* [What needs to be done]:
Please give back, exactly as written, the lines from the line with "Biocondil + Mobilityl Max Pack" to the line with "Bmw e32 Luxury car framed ad" in the listing below, leaving out all pictures.

* [Records for the exercise]:
*** Block opens ***
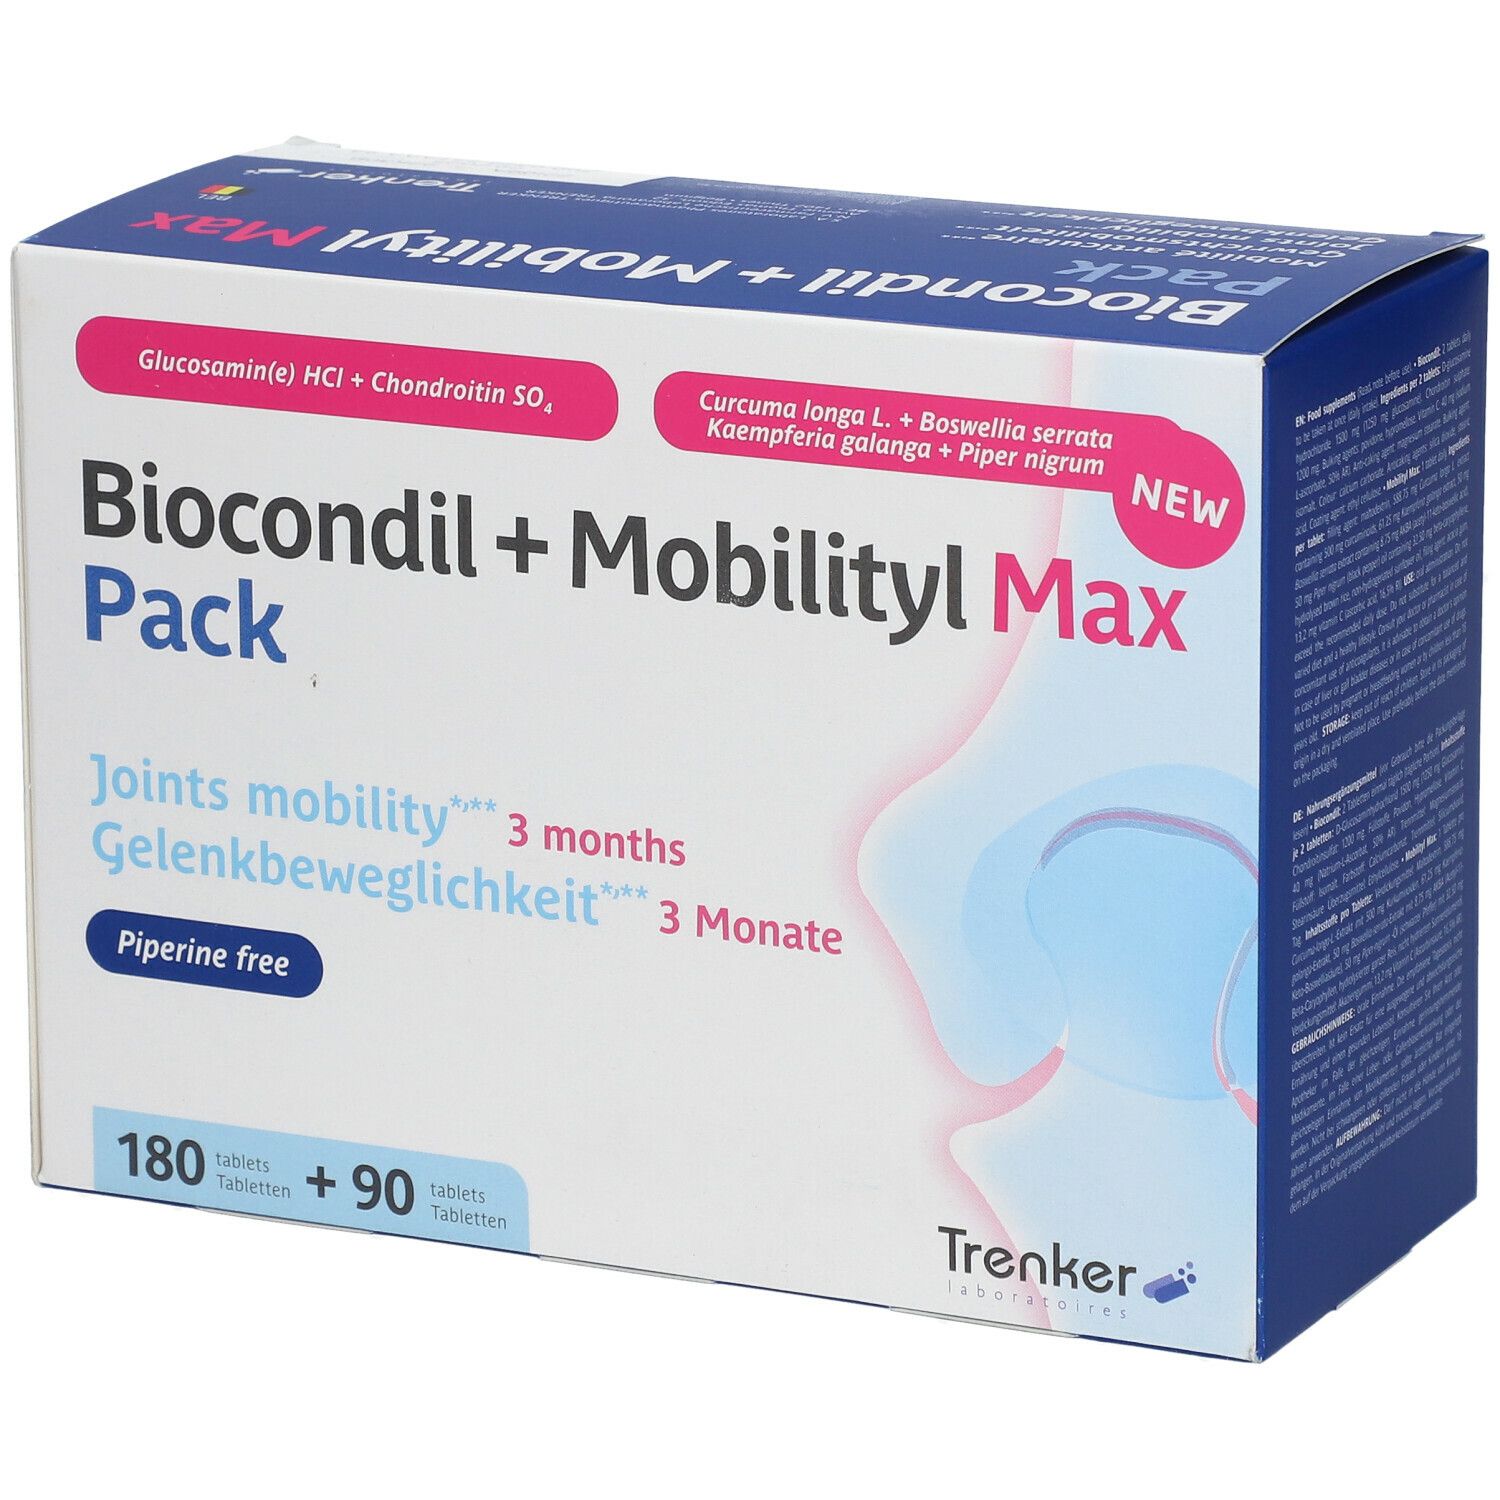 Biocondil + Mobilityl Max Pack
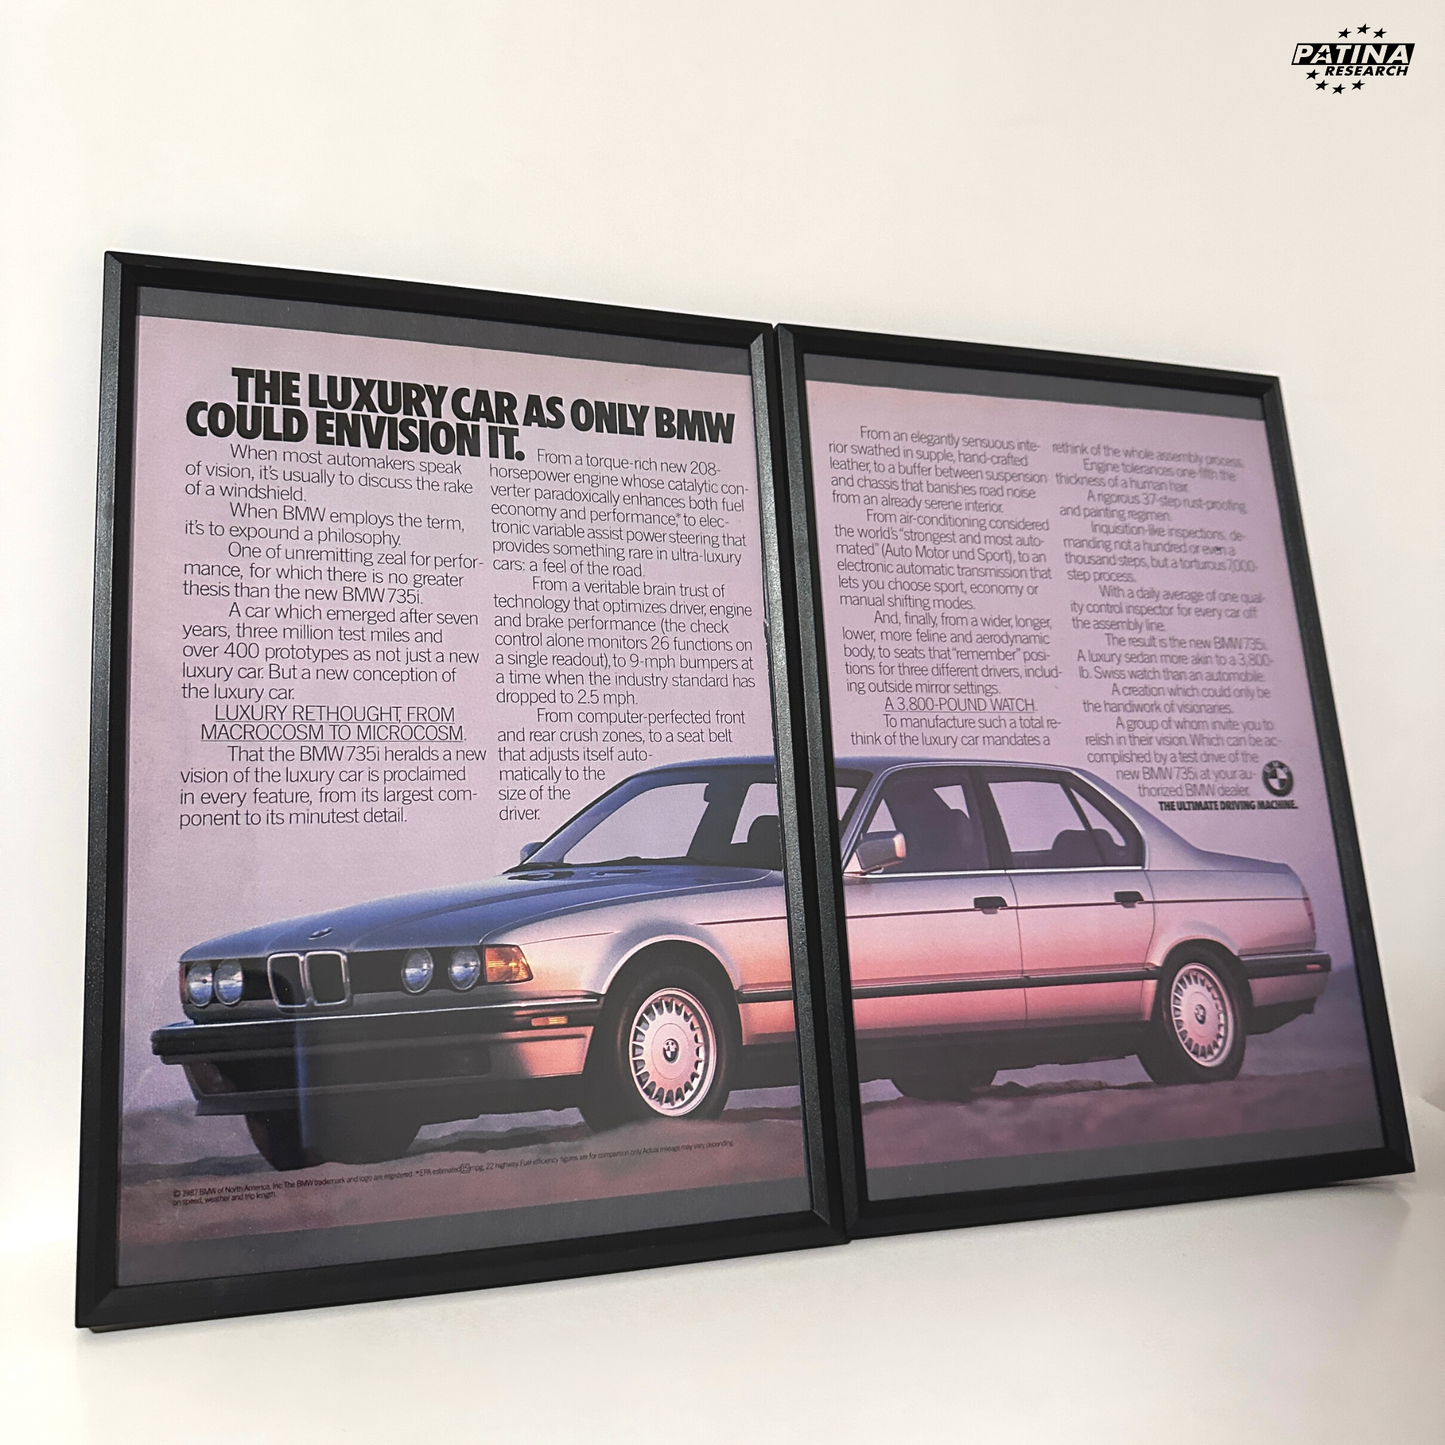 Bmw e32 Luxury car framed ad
*** Block closes ***
*** Block opens ***
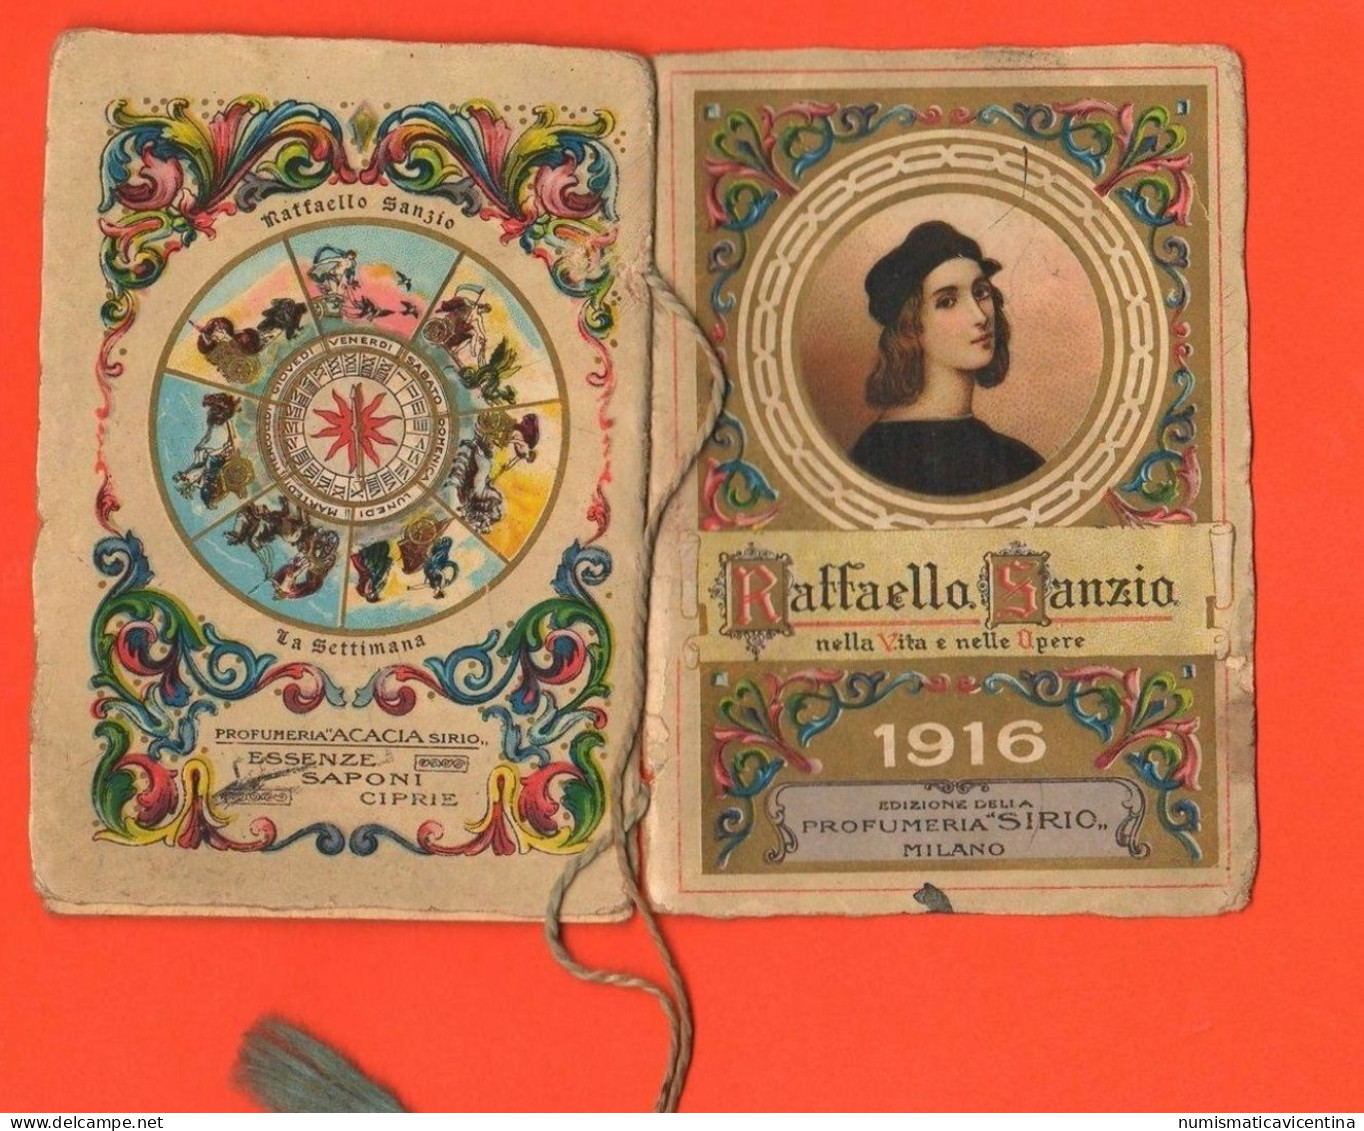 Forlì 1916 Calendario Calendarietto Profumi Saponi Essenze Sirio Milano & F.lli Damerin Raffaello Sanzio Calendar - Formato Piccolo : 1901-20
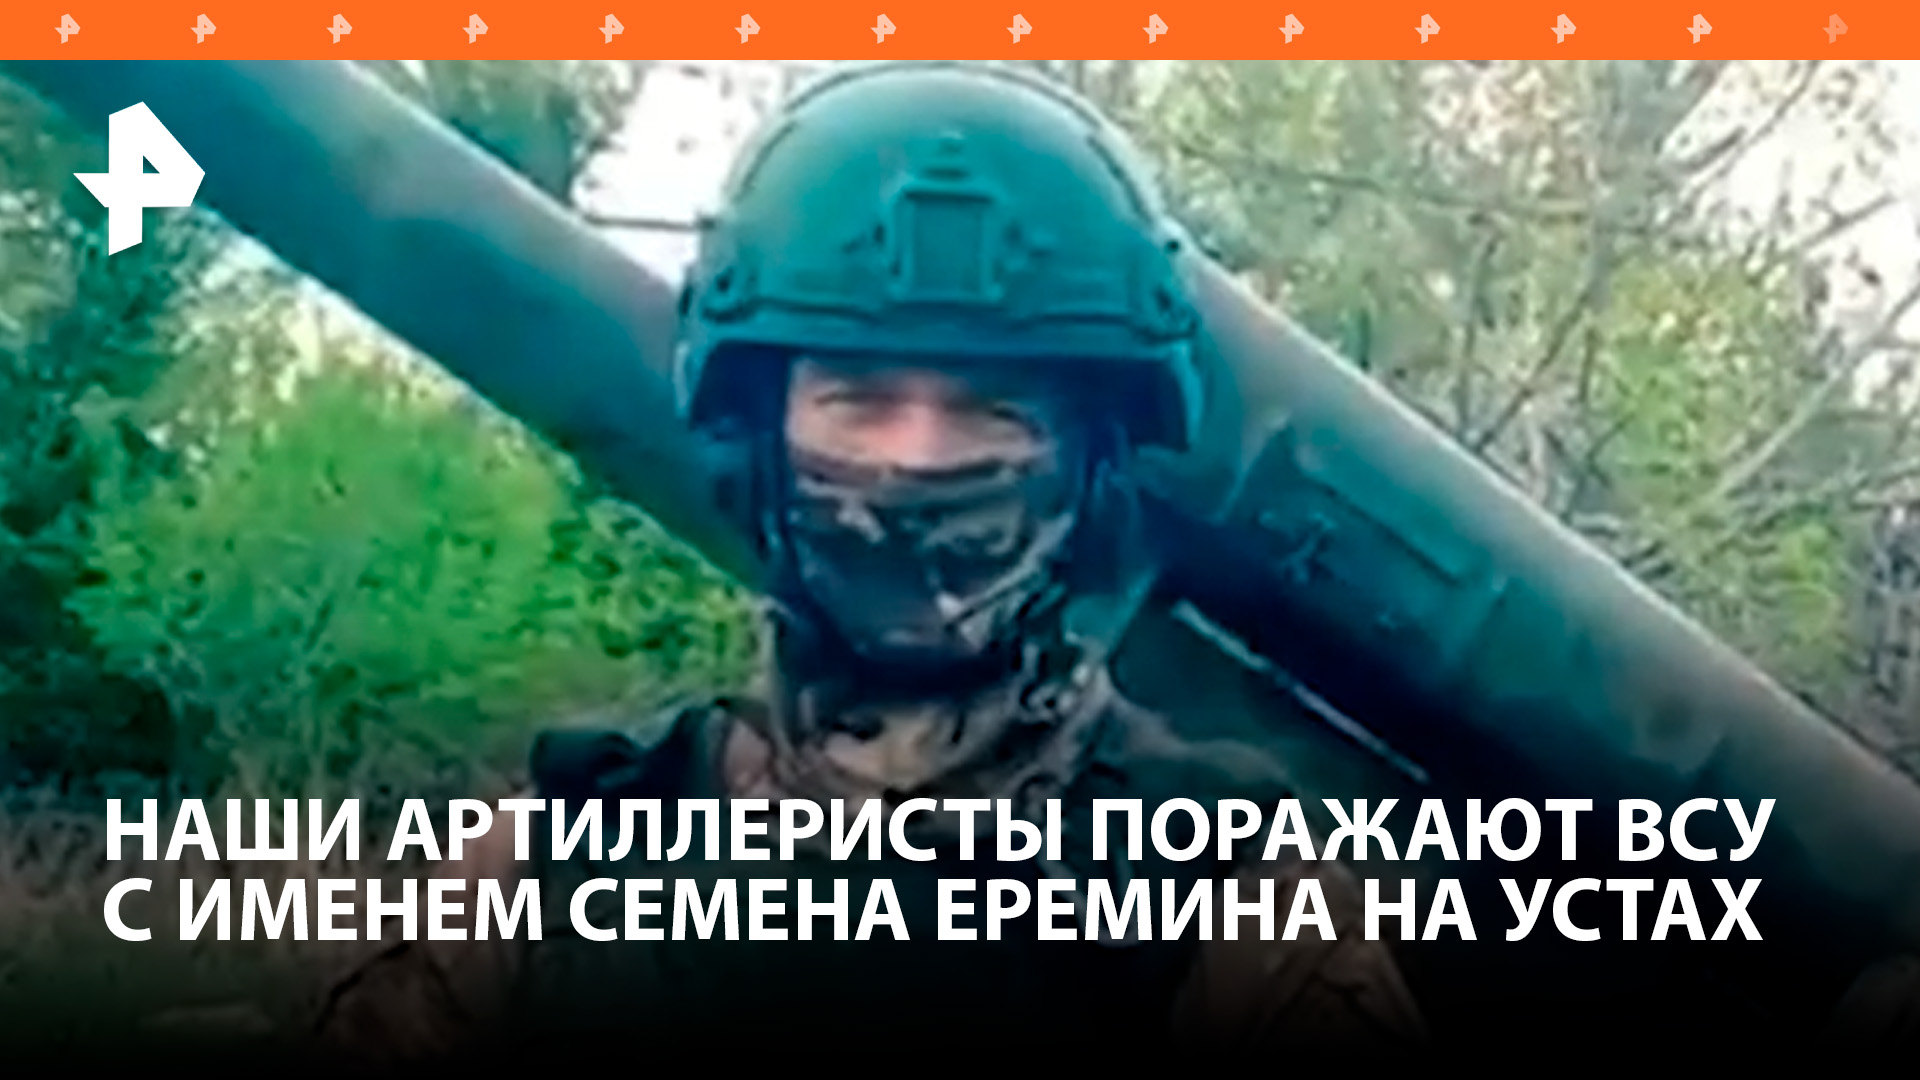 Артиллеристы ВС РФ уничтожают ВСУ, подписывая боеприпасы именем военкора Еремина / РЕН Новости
*** Block closes ***
* [Result of this exercise]:
 Biocondil + Mobilityl Max Pack
 Bmw e32 Luxury car framed ad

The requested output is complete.